*Description of the task*
Print exactly the lines below between the line containing "Woman walking through" and the line containing "Acylcarnitine Profile Analysis", counting both of those lines. Leave pictures out.

*Supplied information*
++++++++++
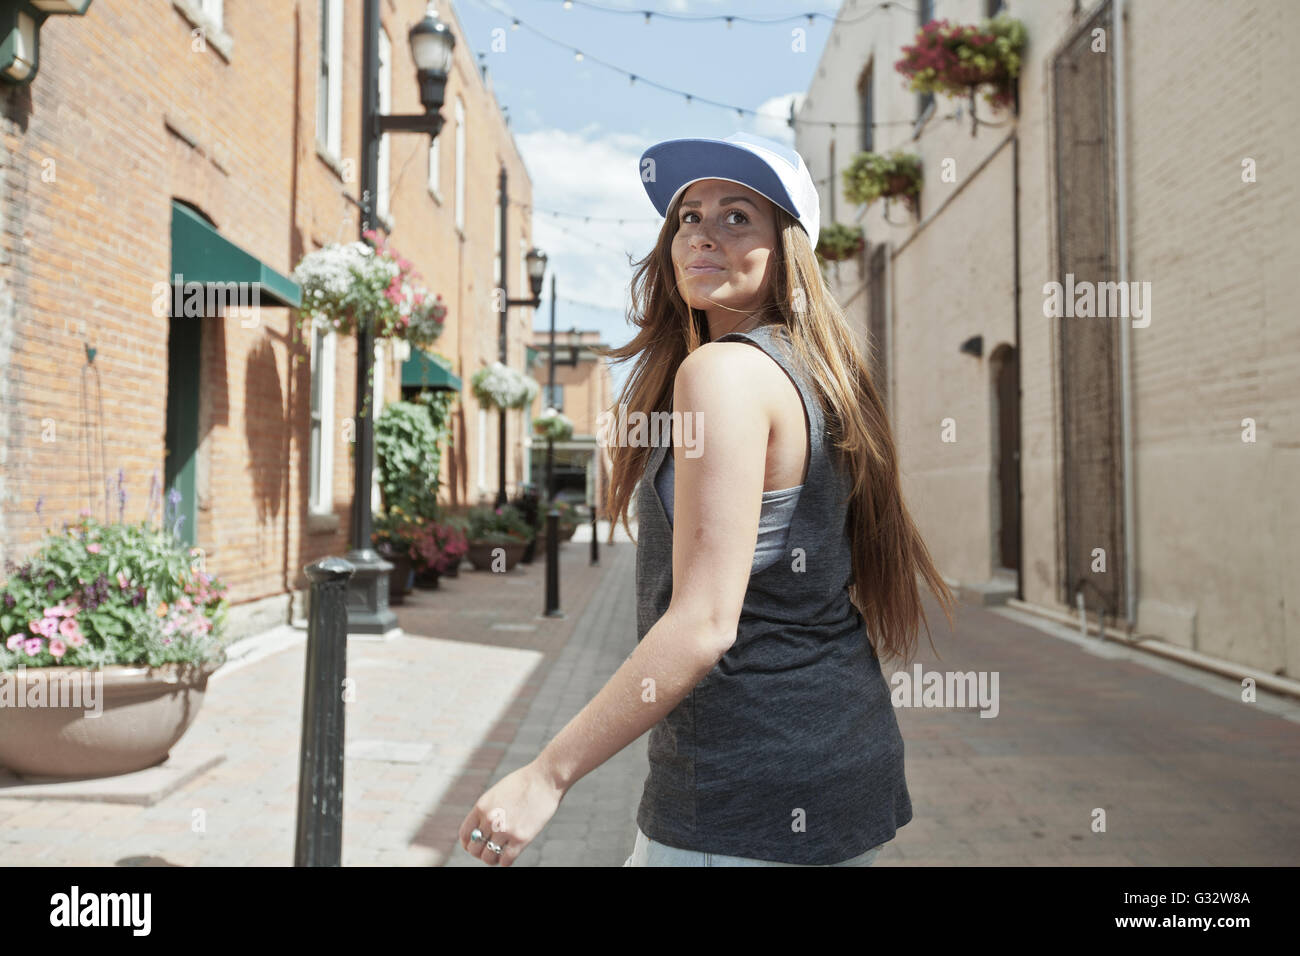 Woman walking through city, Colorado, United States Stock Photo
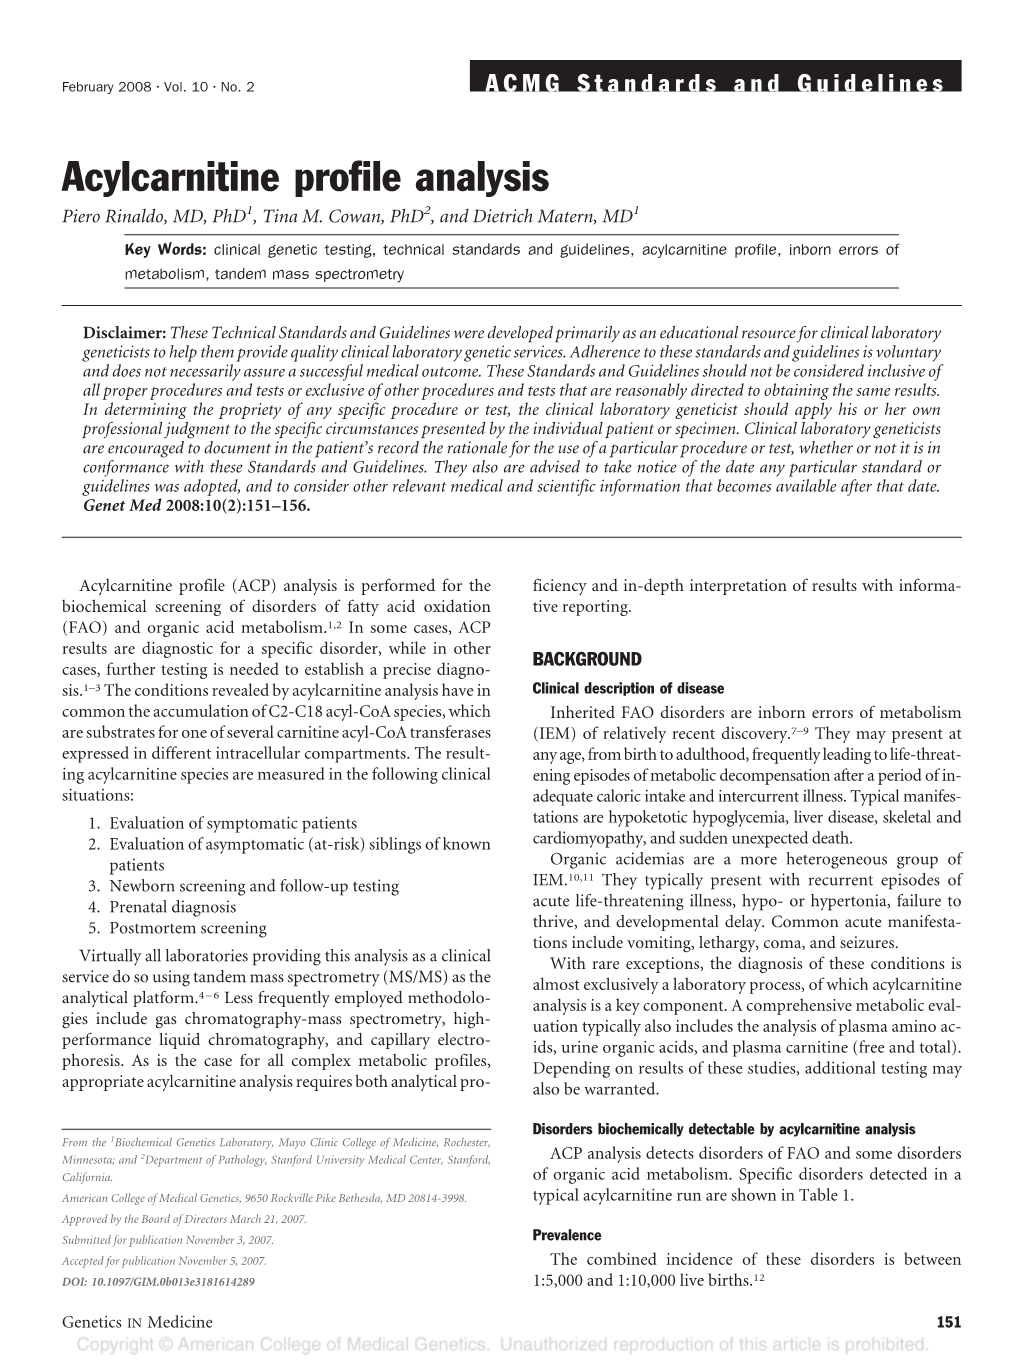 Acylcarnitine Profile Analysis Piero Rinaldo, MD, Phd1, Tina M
++++++++++
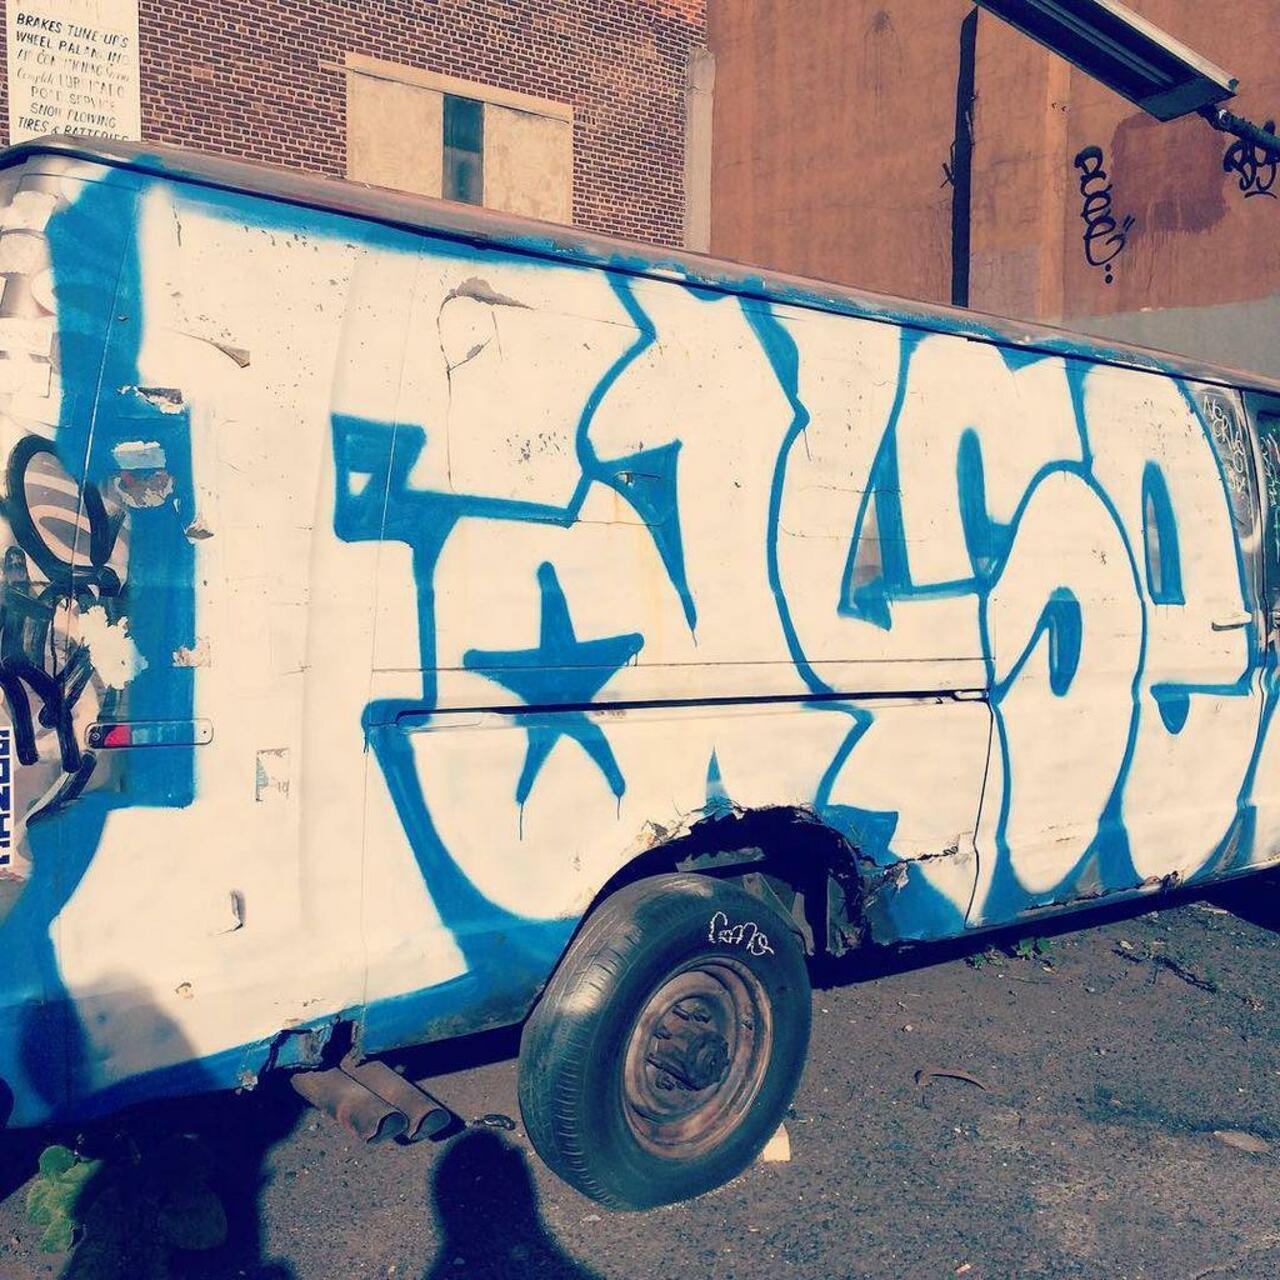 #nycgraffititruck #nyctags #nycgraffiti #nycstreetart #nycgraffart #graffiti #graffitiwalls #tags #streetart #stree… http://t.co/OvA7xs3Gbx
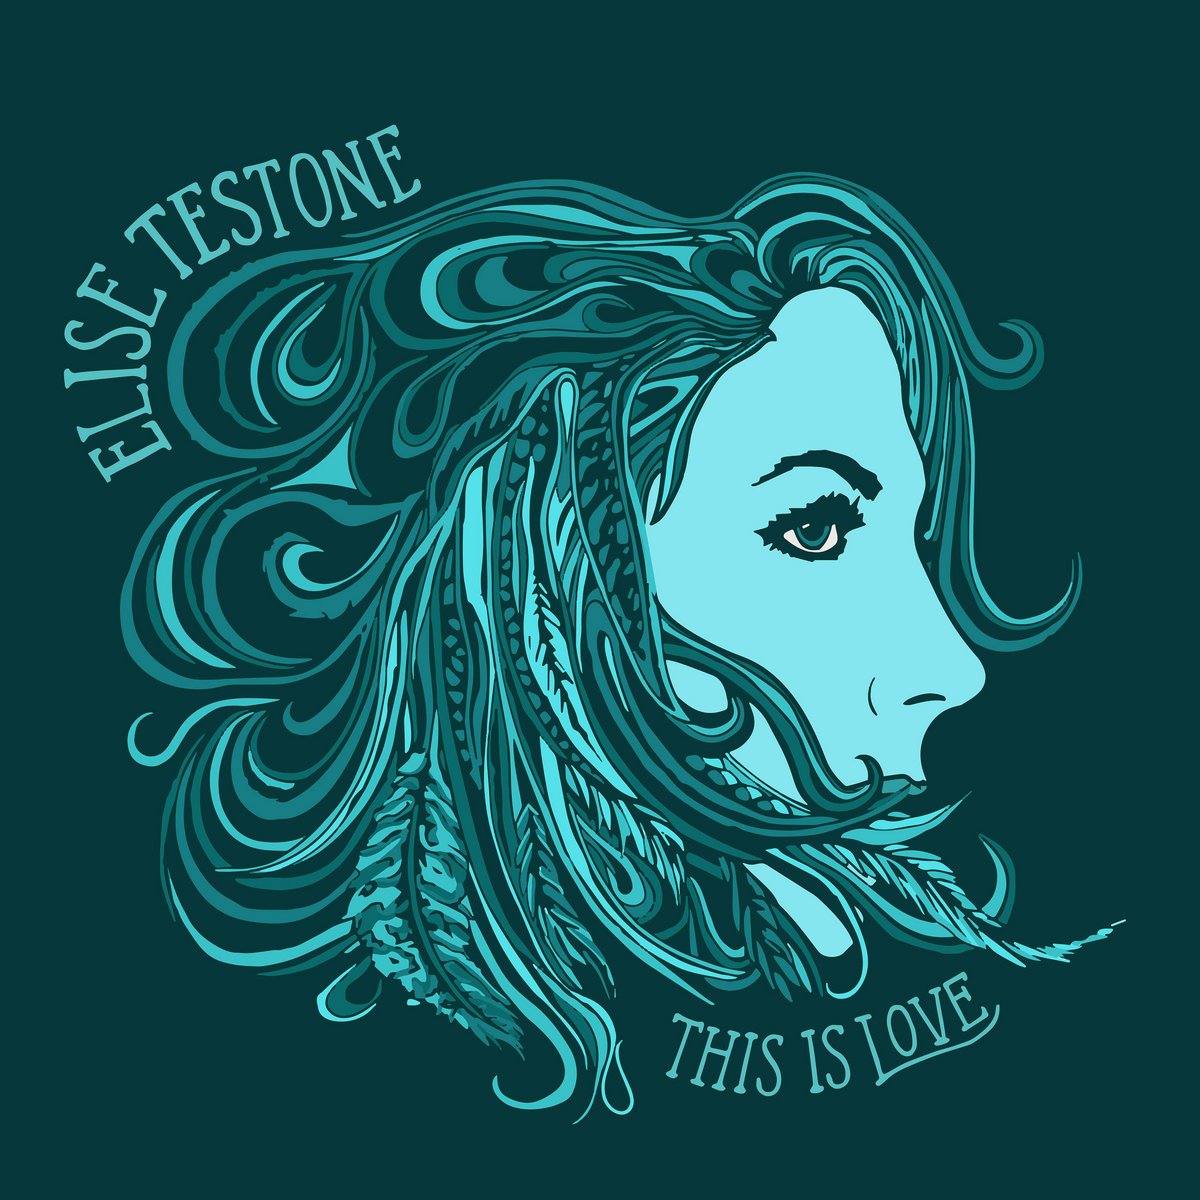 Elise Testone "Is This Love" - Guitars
++++++++++
*Solved exercise*
 Woman walking through city, Colorado, United States Stock Photo
 Acylcarnitine Profile Analysis Piero Rinaldo, MD, Phd1, Tina M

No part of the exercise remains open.